RAW DATA
______

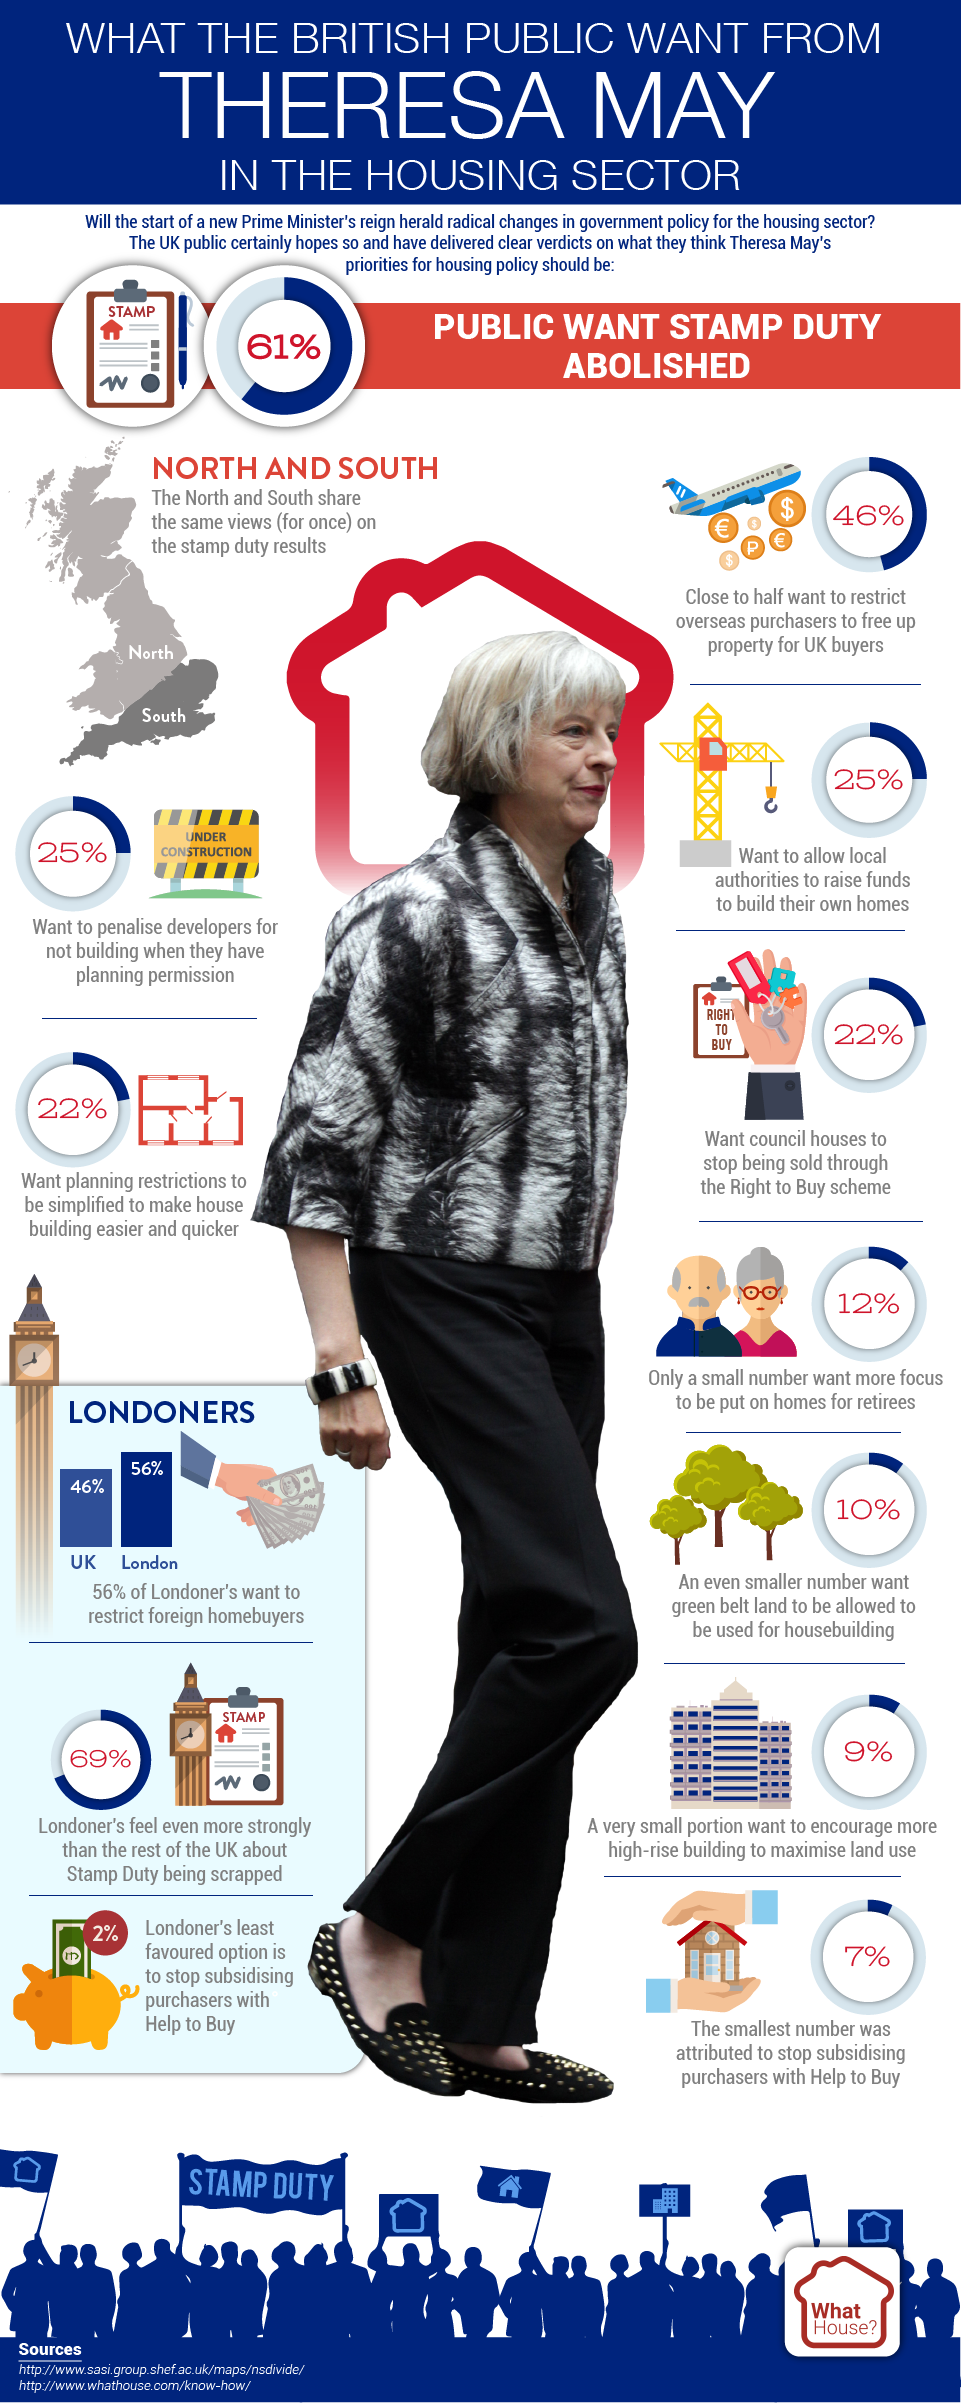 What The British Public Want From Theresa May In The Housing Sector?
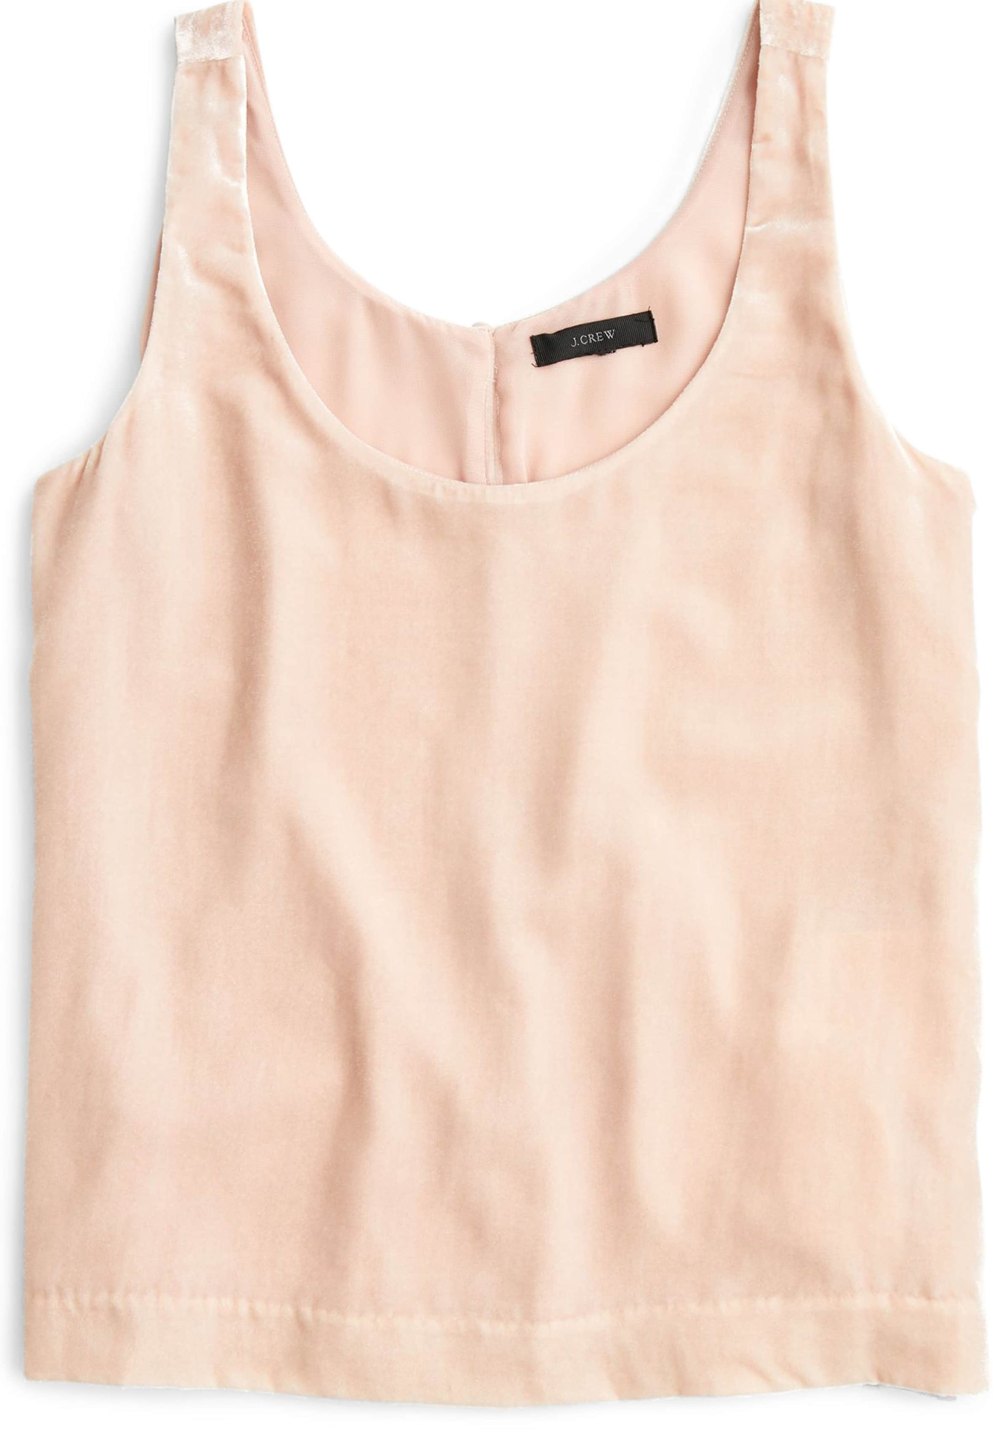 Shop This J.Crew Velvet Tank Top in Several Colors for Fall | Us Weekly
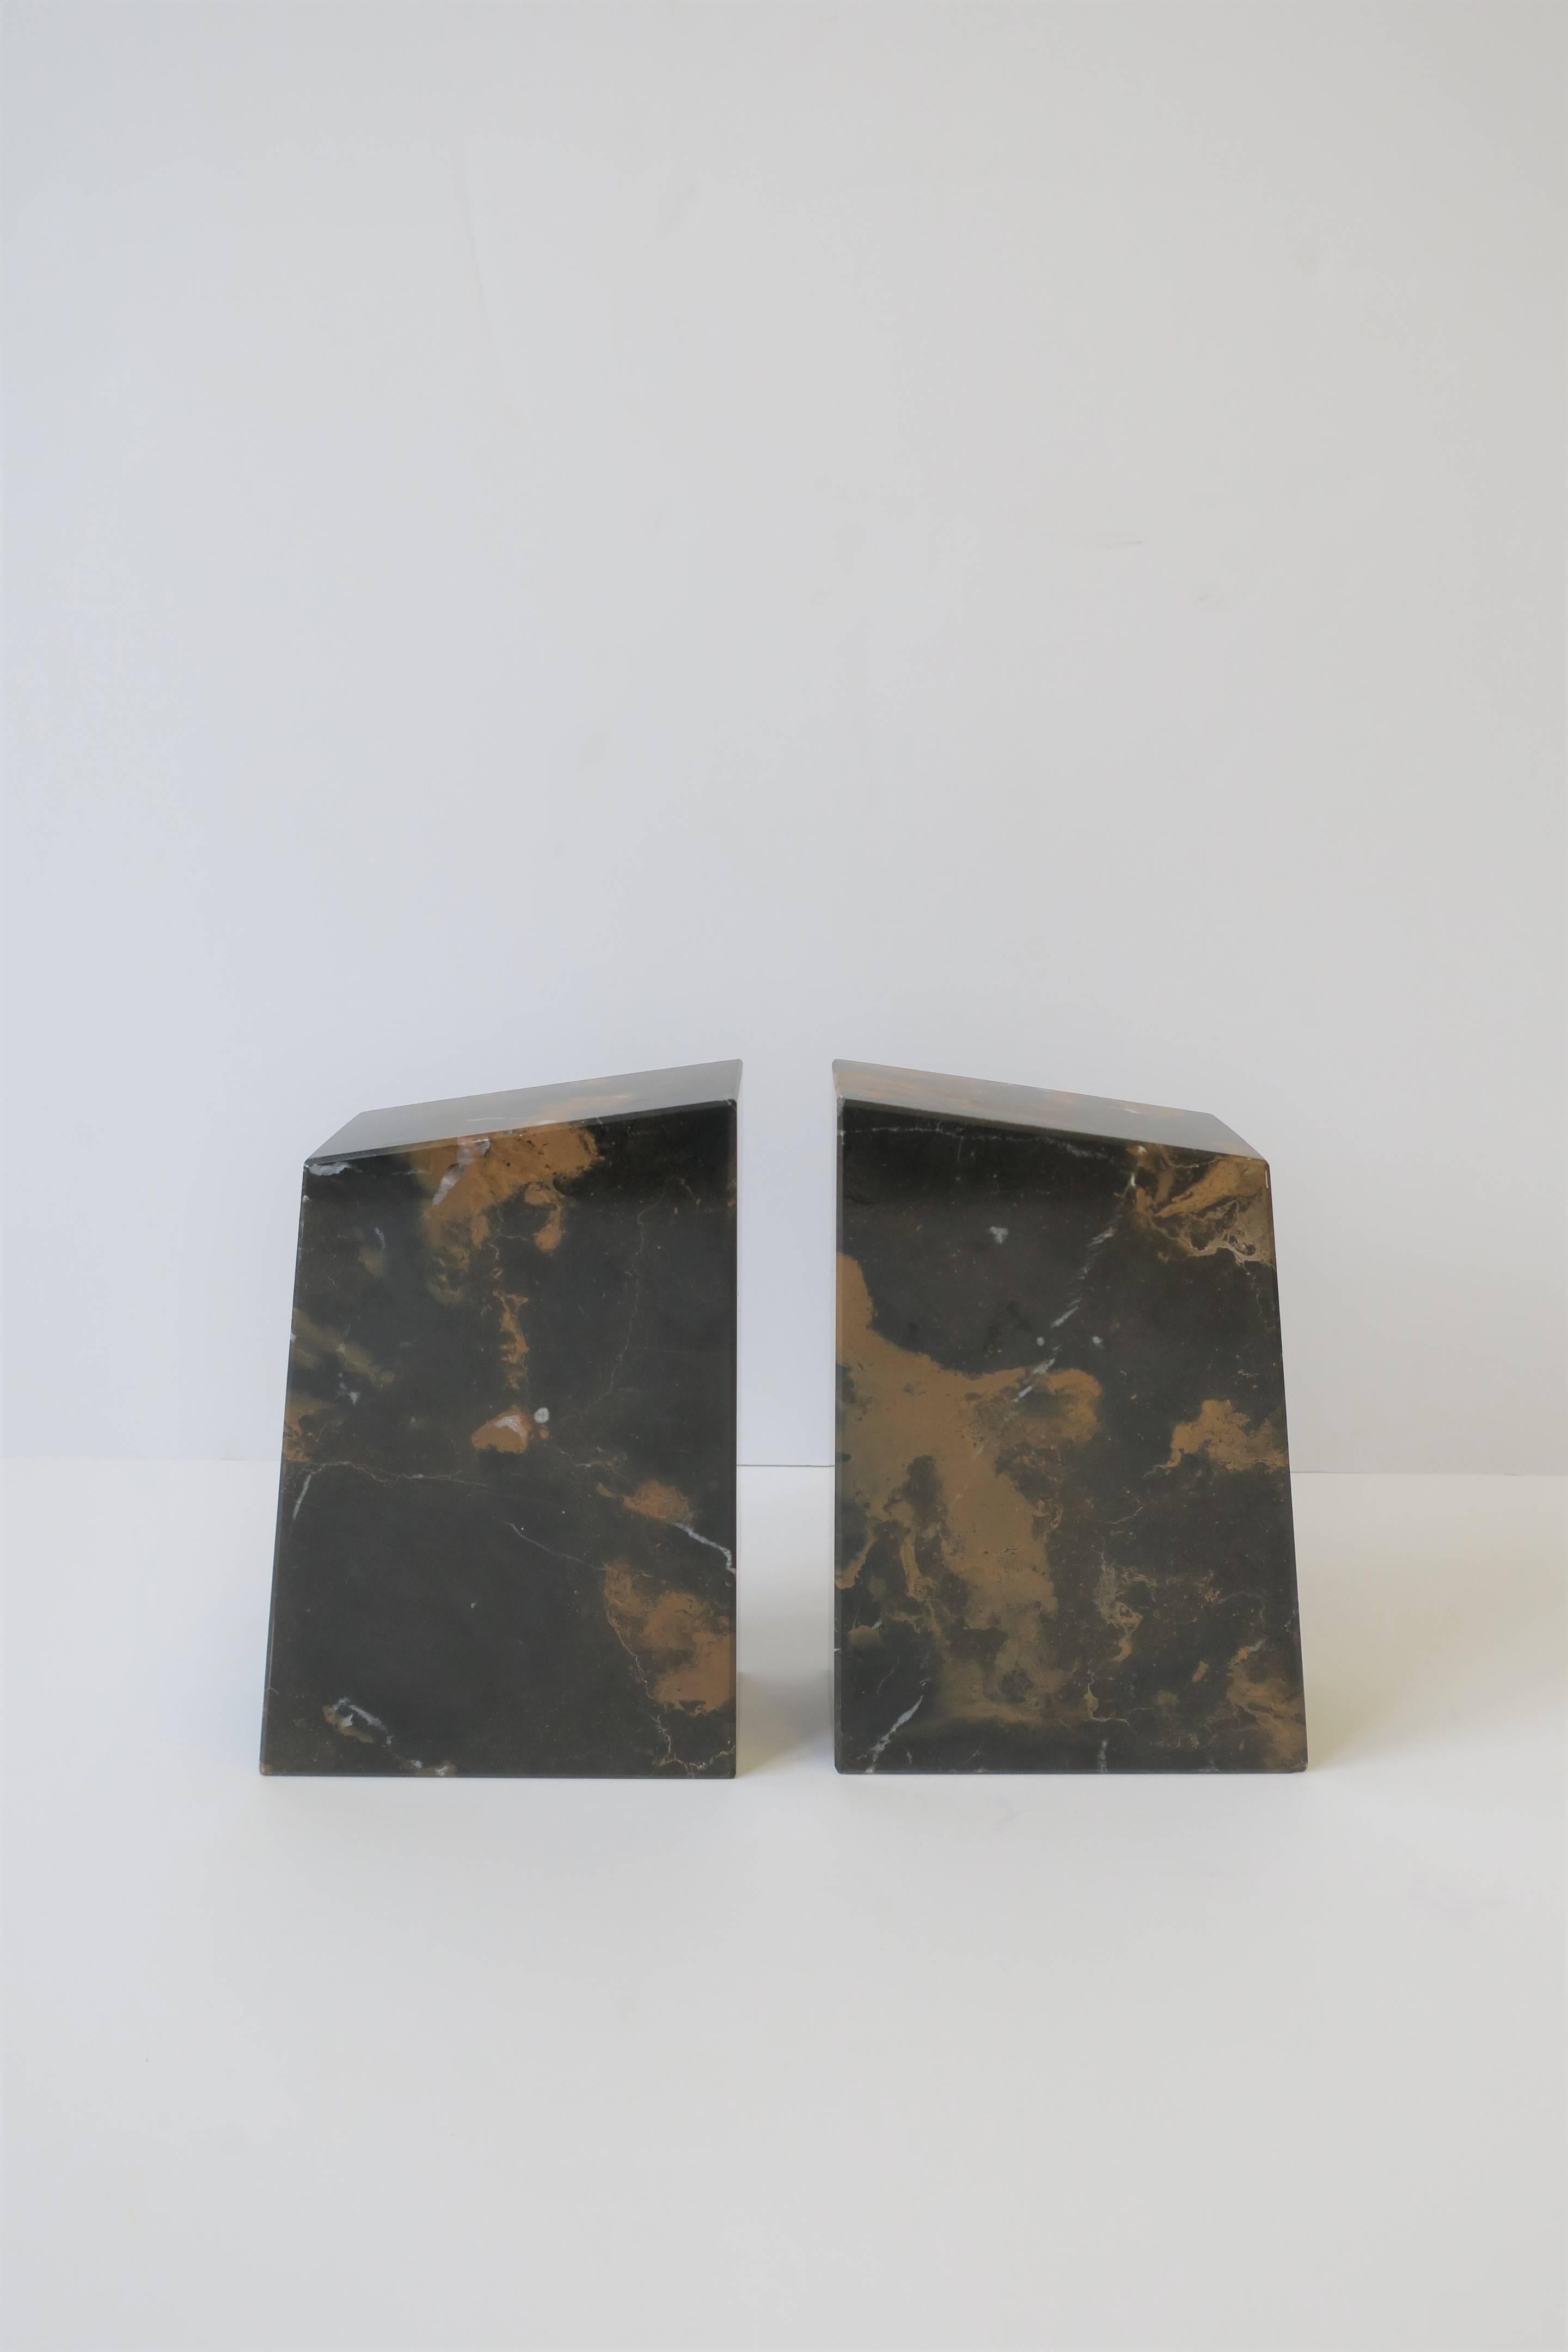 A pair of substantial marble bookends in the Modern style. Colors include dark and light brown with traces of white. Each measure: 2

______

REQUIRED ACTION
Once the pictures are dropped, repeat the data above exactly.

WRITTEN ANSWER
 What The British Public Want From Theresa May In The Housing Sector?
 Shop This J.Crew Velvet Tank Top in Several Colors for Fall | Us Weekly
 A pair of substantial marble bookends in the Modern style. Colors include dark and light brown with traces of white. Each measure: 2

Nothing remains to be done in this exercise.